WHAT TO WORK ON
Please, without any pictures, transcribe the lines from the one holding "Italienischer moderner hochrechteckiger" to the end of the listing, both ends included.

INFORMATION PROVIDED
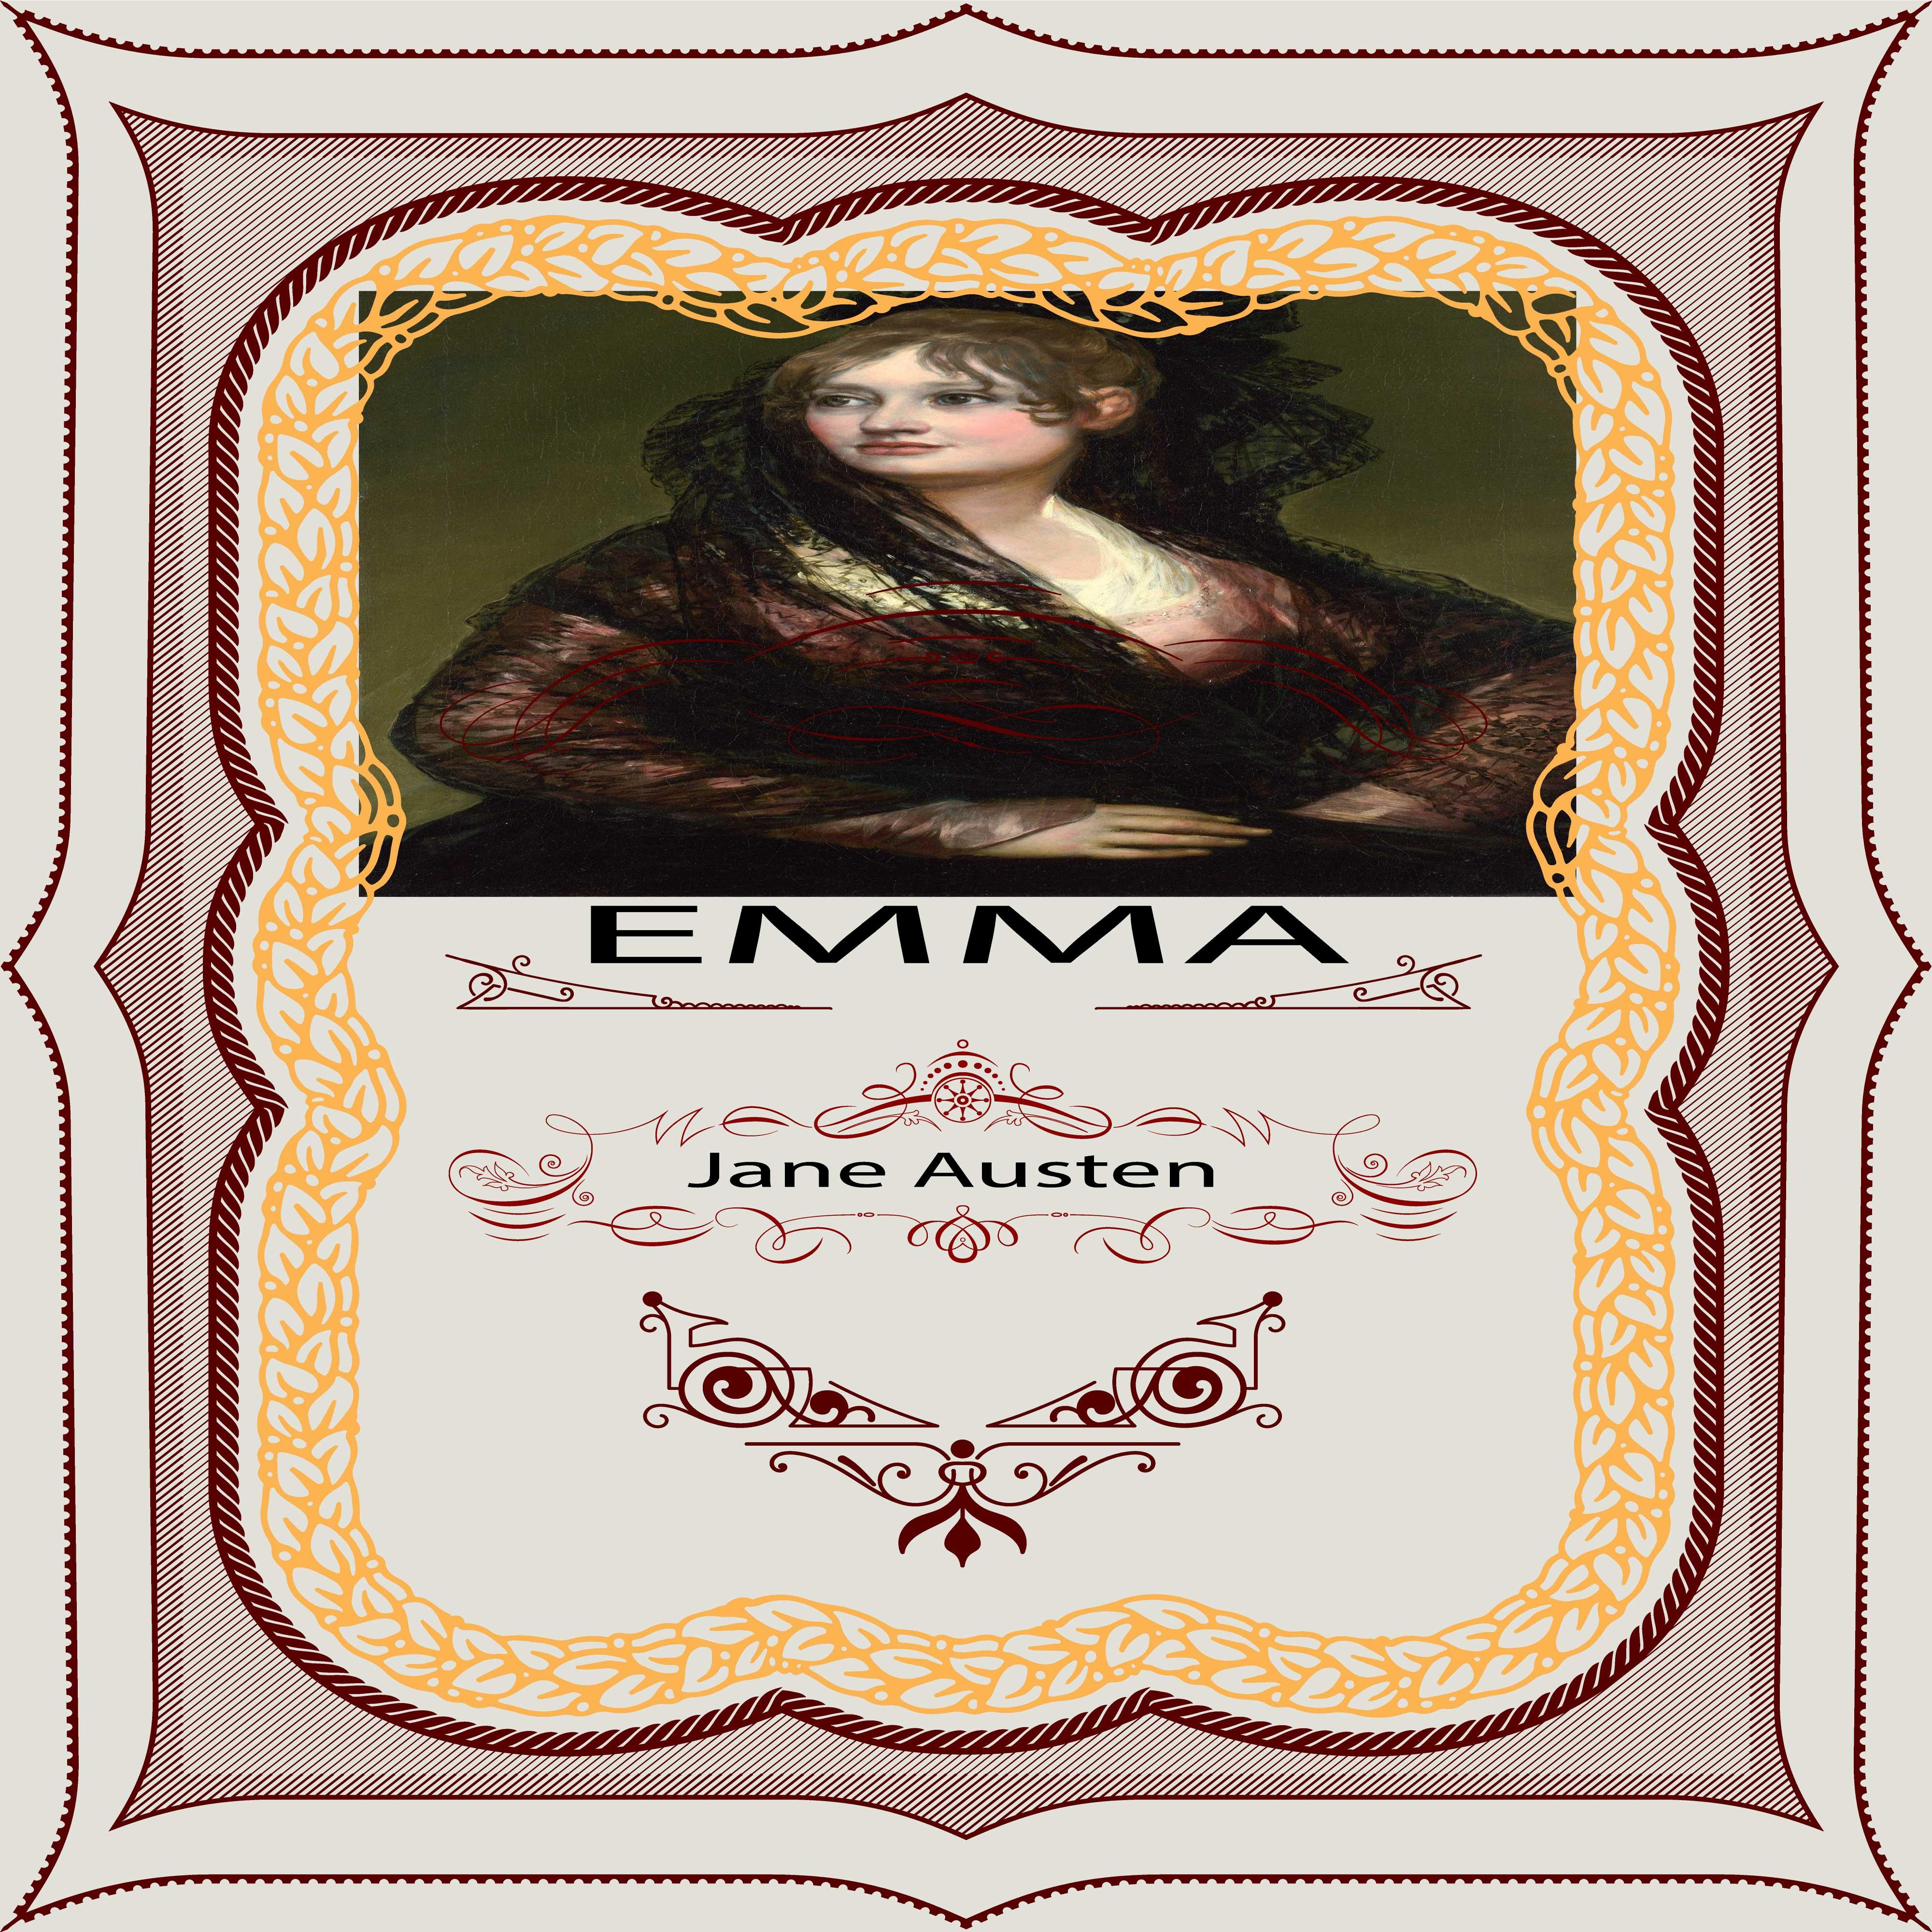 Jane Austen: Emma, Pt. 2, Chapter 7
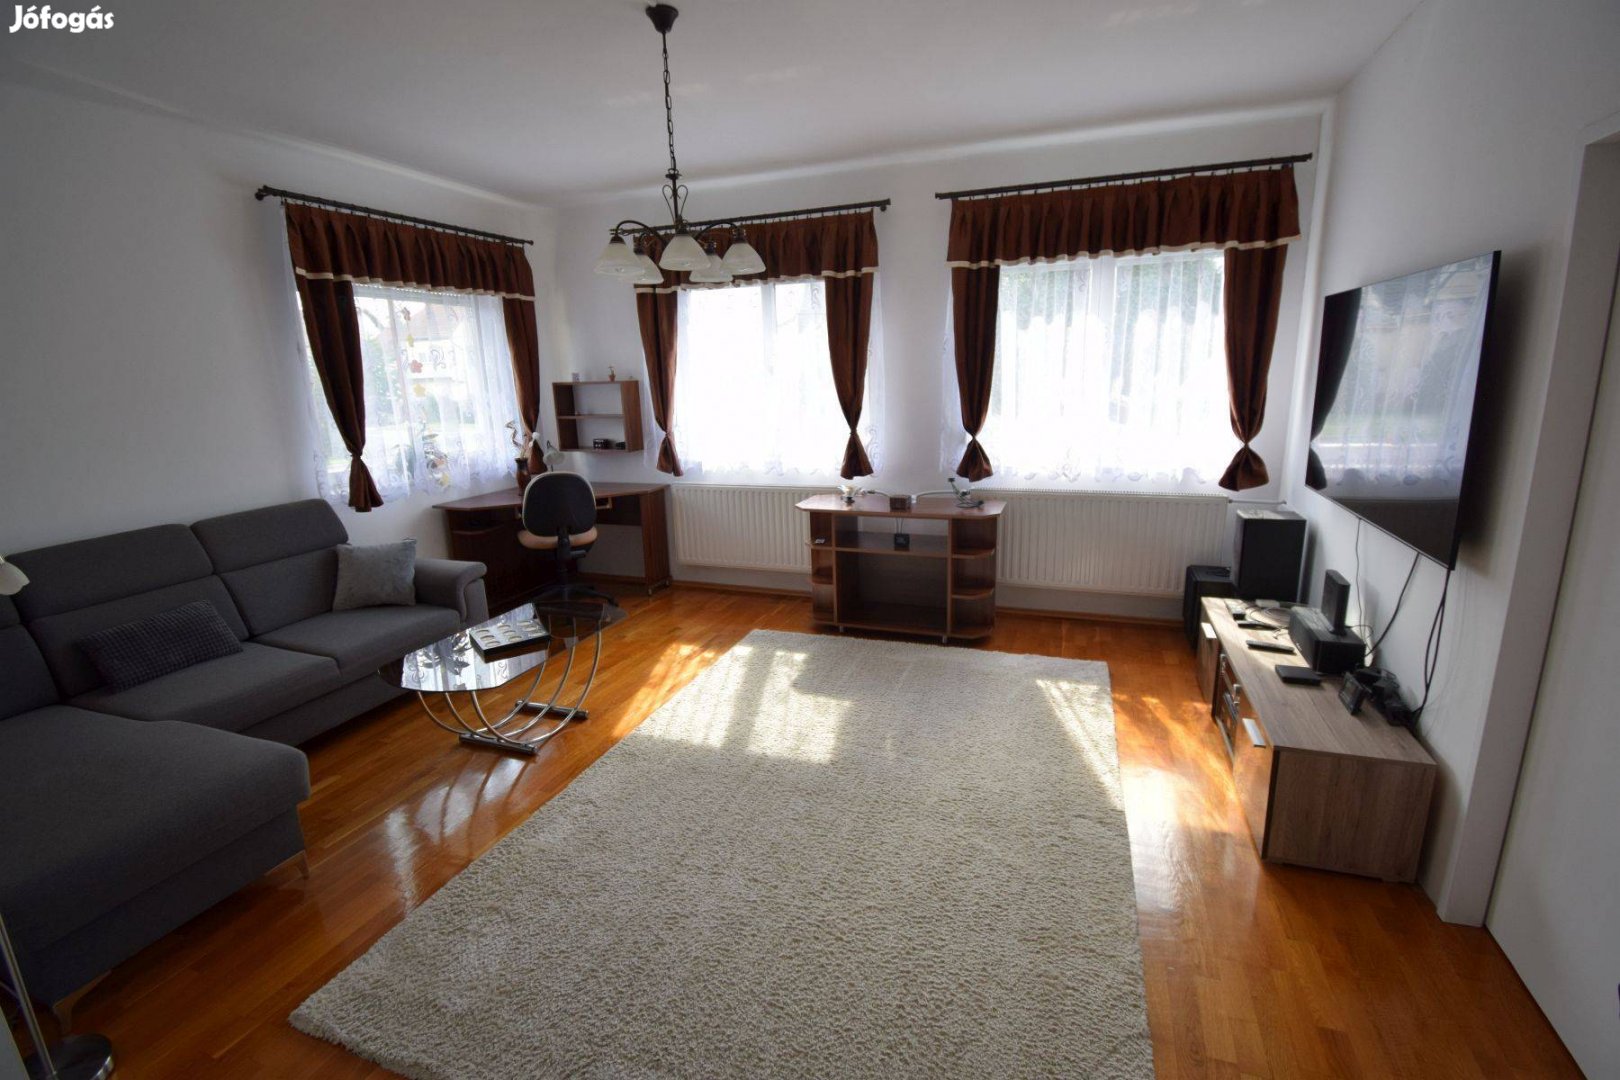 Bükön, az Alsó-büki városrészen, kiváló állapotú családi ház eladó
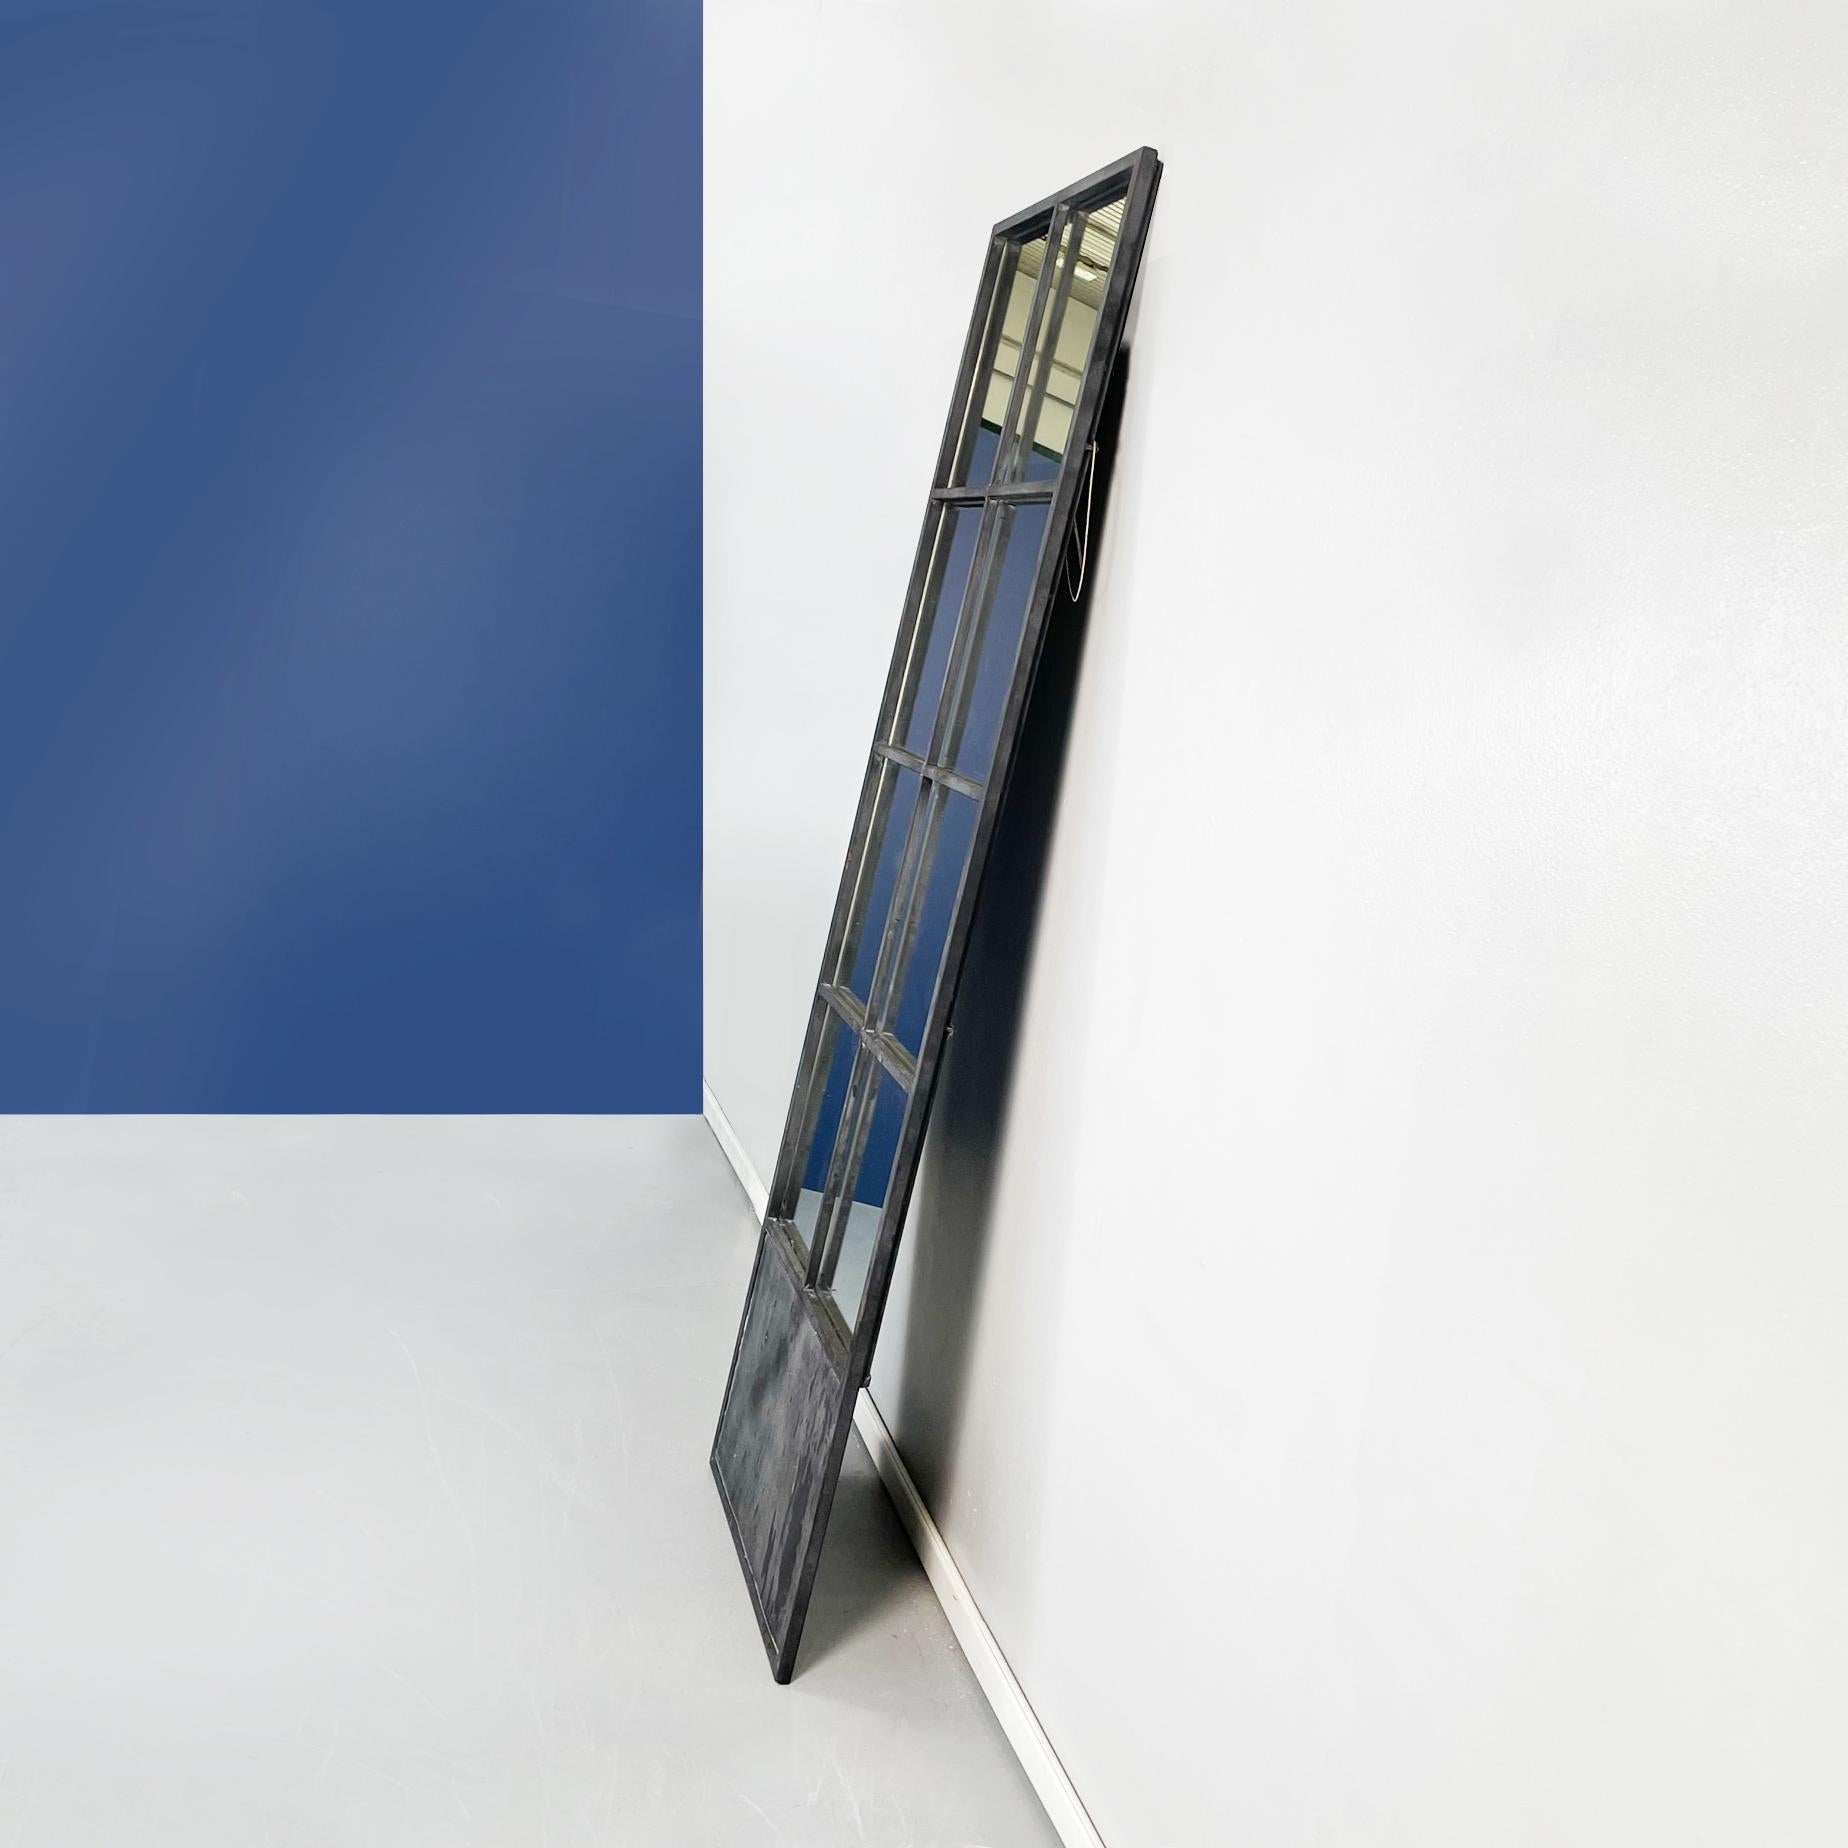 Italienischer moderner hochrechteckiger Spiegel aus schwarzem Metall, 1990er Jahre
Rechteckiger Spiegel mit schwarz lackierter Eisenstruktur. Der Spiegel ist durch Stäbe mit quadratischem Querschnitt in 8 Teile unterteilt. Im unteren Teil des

ANSWER SPACE
 Italienischer moderner hochrechteckiger Spiegel aus schwarzem Metall, 1990er Jahre
Rechteckiger Spiegel mit schwarz lackierter Eisenstruktur. Der Spiegel ist durch Stäbe mit quadratischem Querschnitt in 8 Teile unterteilt. Im unteren Teil des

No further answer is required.